Task objective:
Write out the data below exactly as given, without any of its pictures.

====== Data shown

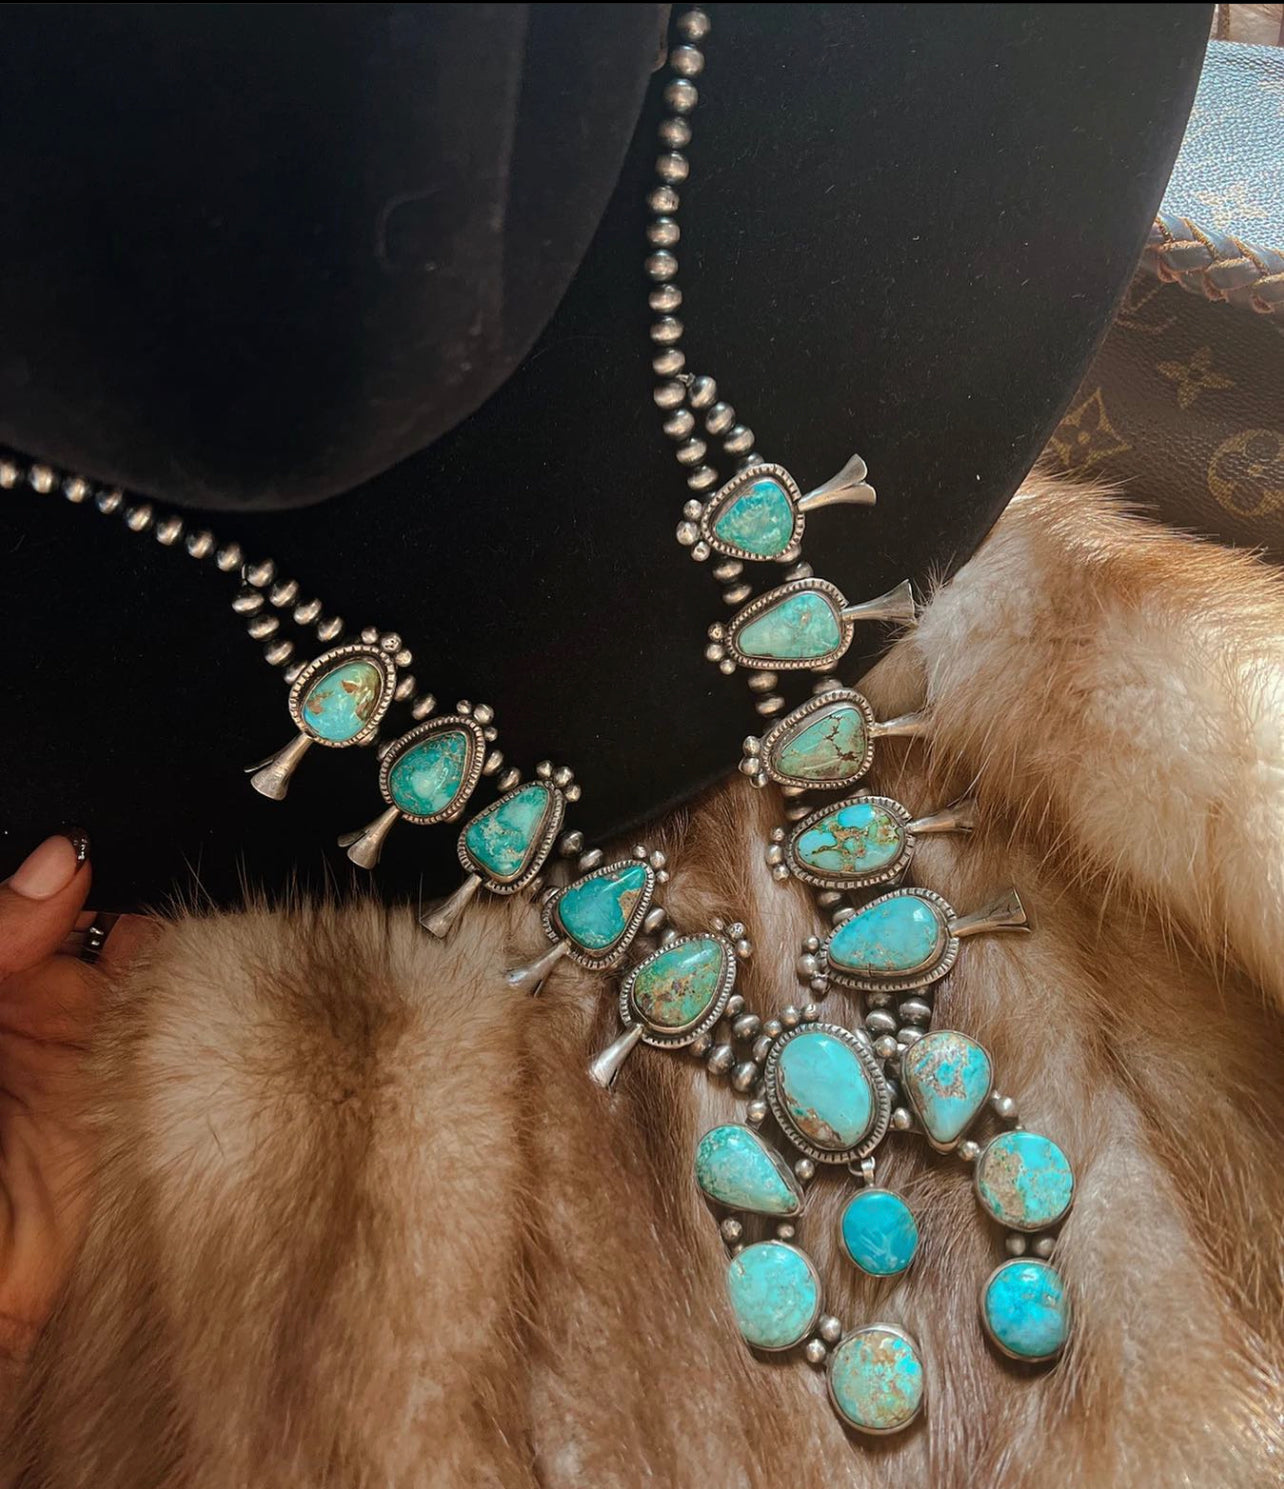 Authentic Navajo & Turquoise Jewelry
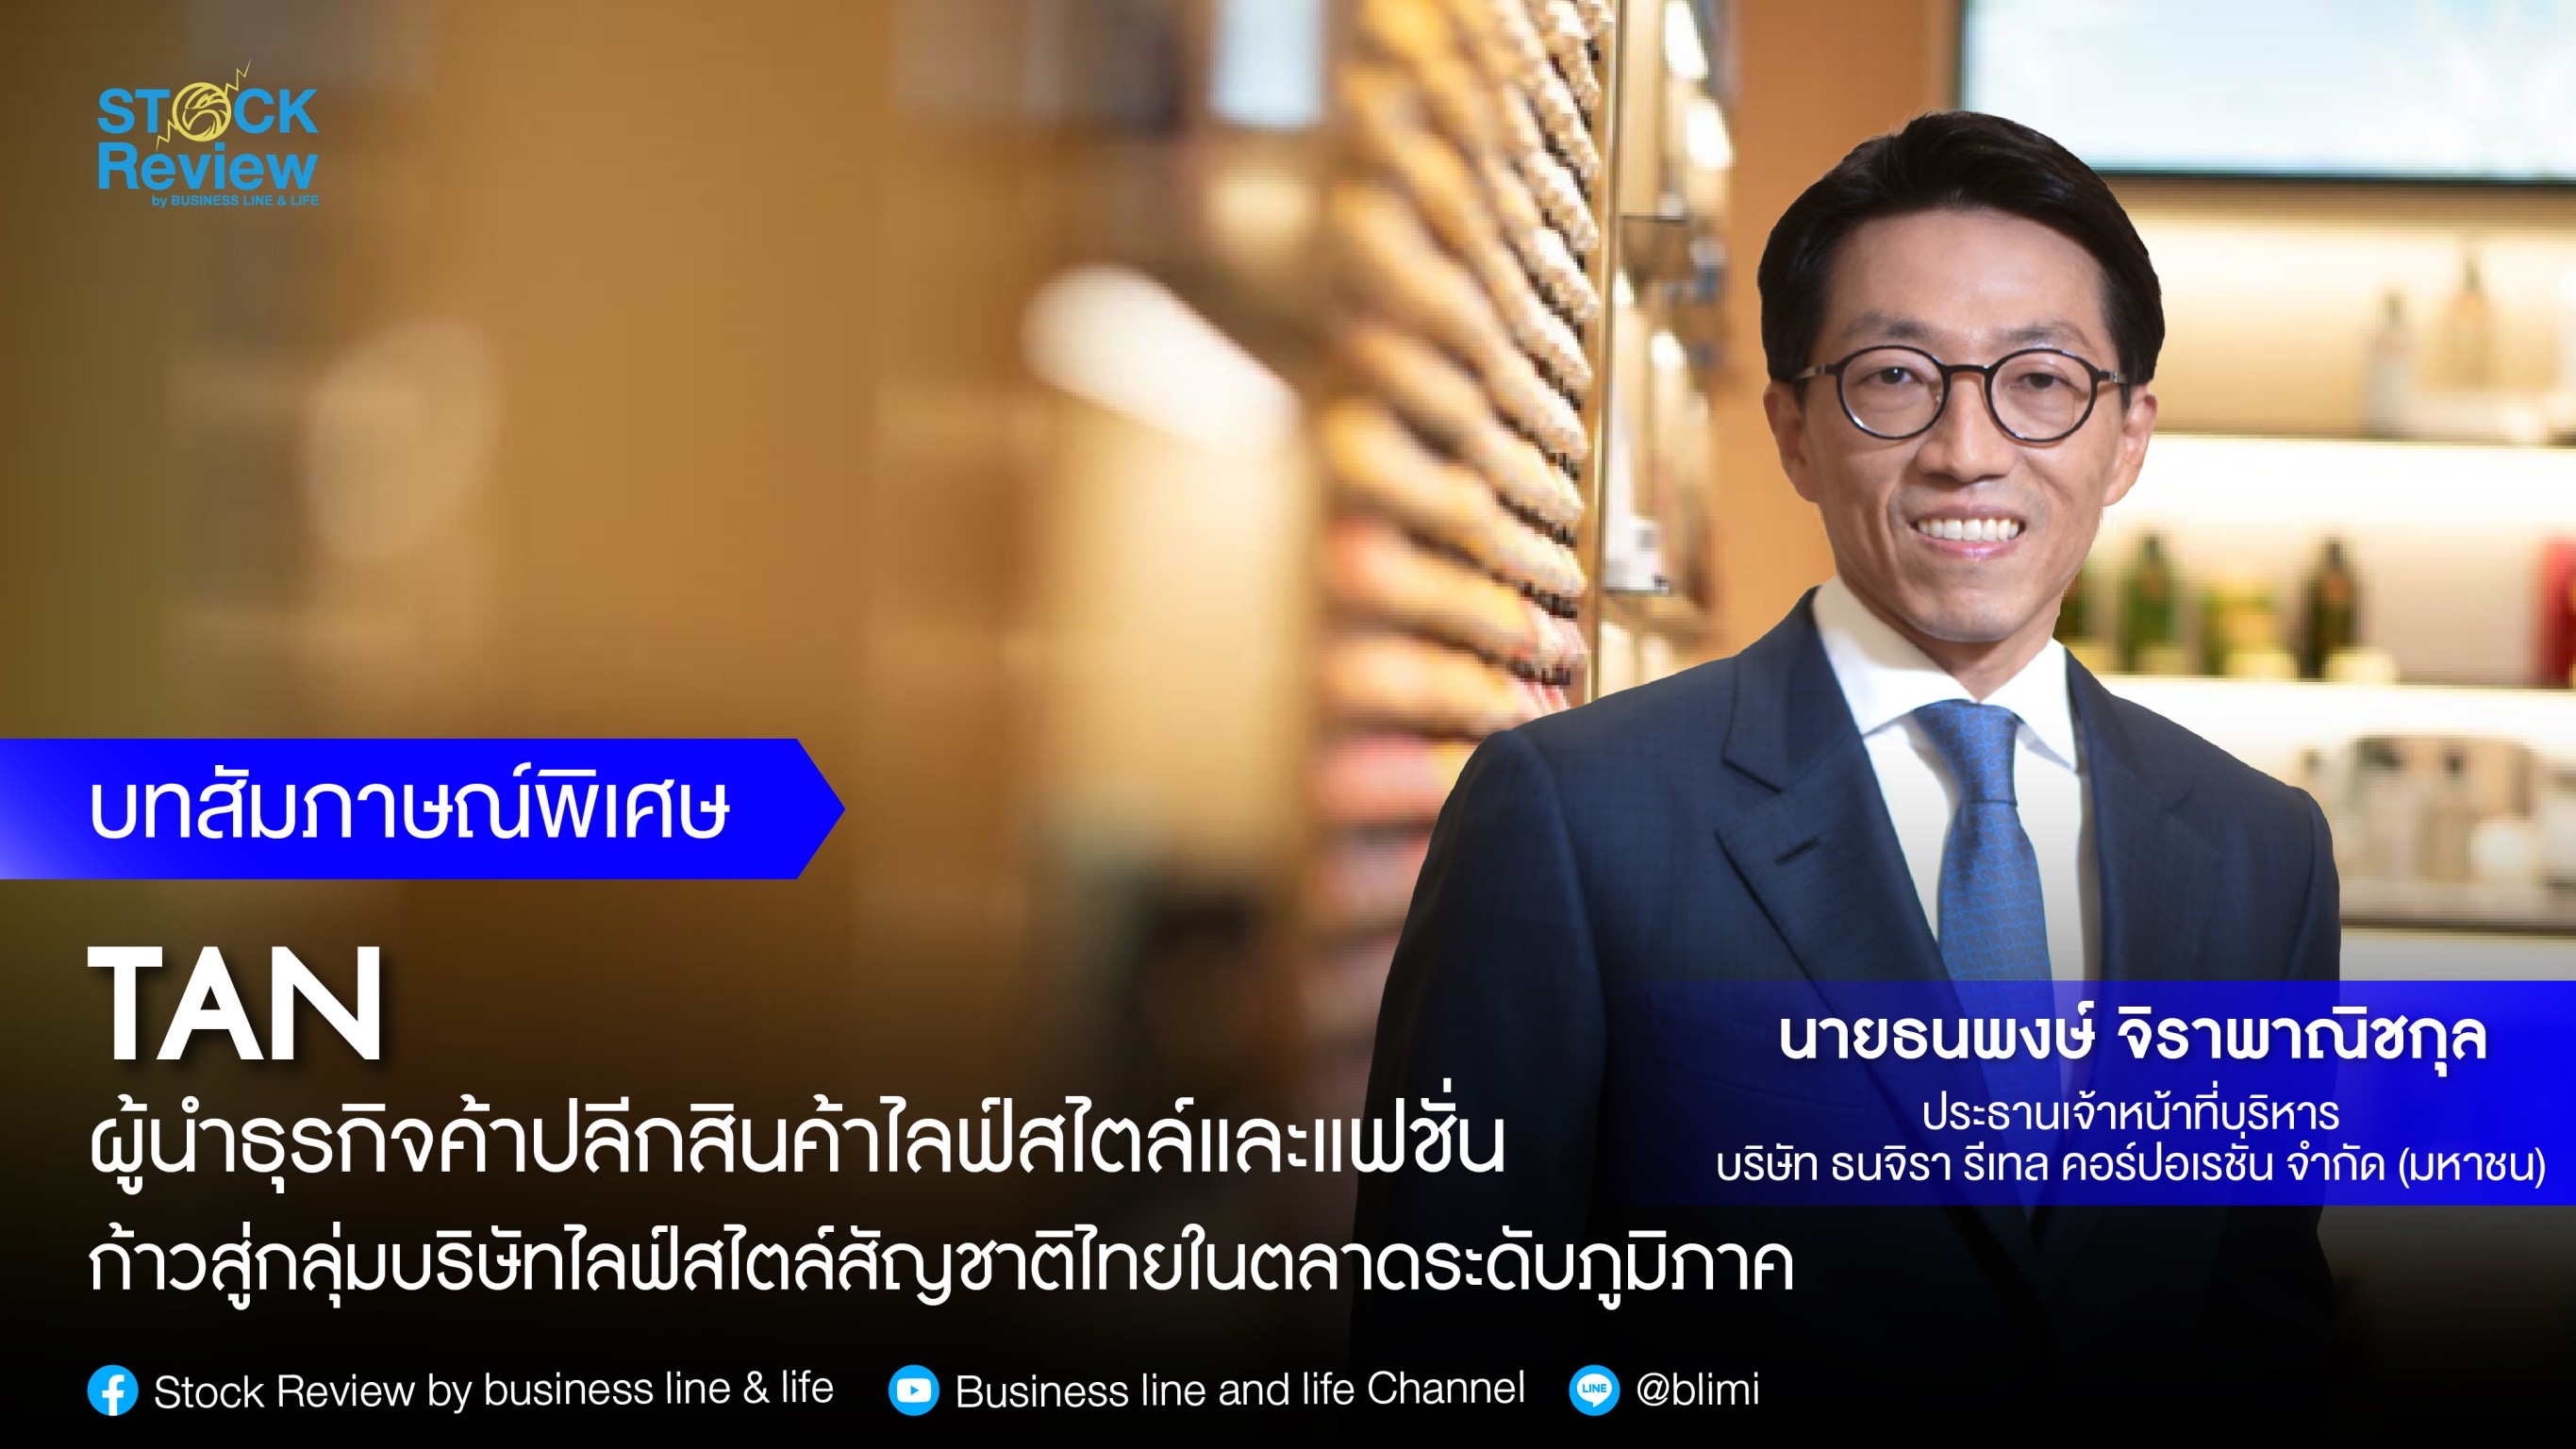 TAN  ผู้นำธุรกิจค้าปลีกสินค้าไลฟ์สไตล์และแฟชั่นก้าวสู่กลุ่มบริษัทไลฟ์สไตล์สัญชาติไทยในตลาดระดับภูมิภาค
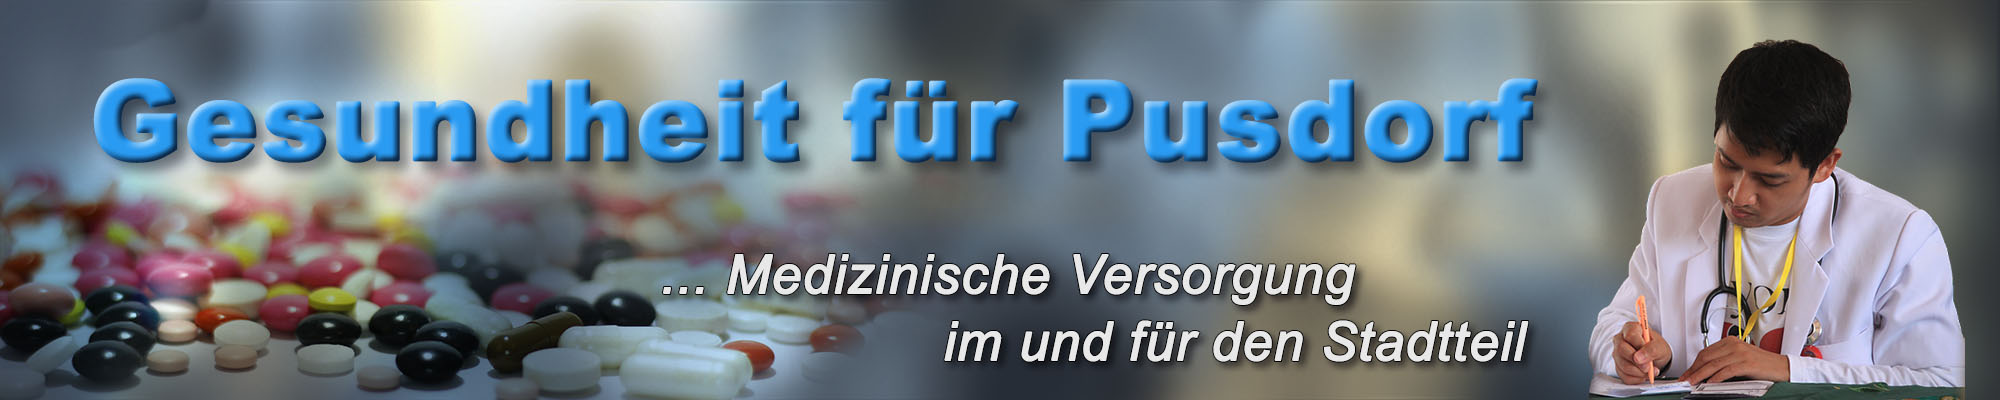 pusdorf.info – Facharzt suchen
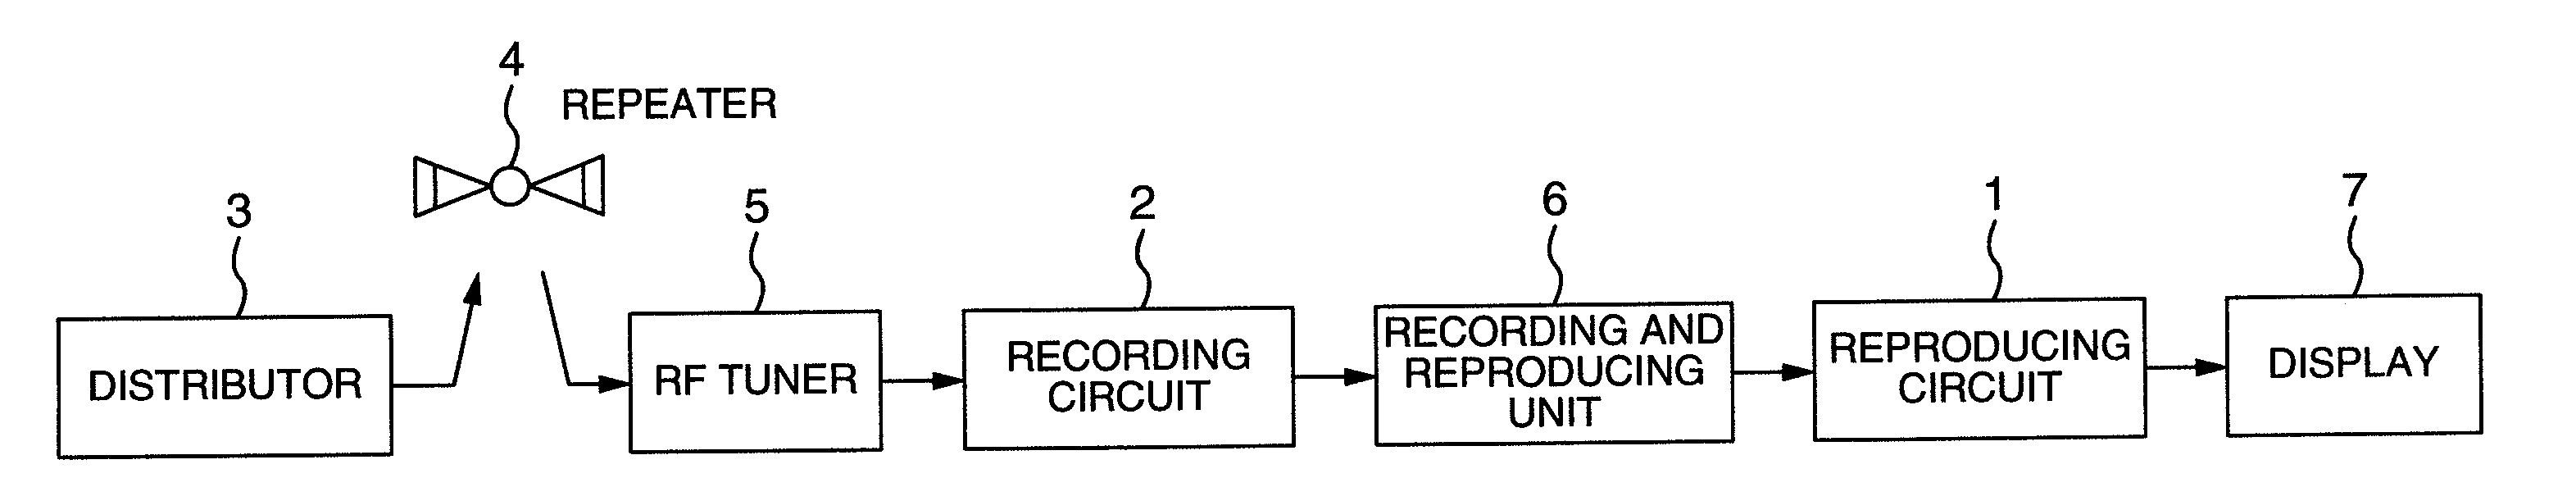 Digital information recording apparatus, reproducing apparatus and transmitting apparatus

============

Your response:
 Authentic Navajo & Turquoise Jewelry
 TAN  ผู้นำธุรกิจค้าปลีกสินค้าไลฟ์สไตล์และแฟชั่นก้าวสู่กลุ่มบริษัทไลฟ์สไตล์สัญชาติไทยในตลาดระดับภูมิภาค
 pusdorf.info – Facharzt suchen
 Digital information recording apparatus, reproducing apparatus and transmitting apparatus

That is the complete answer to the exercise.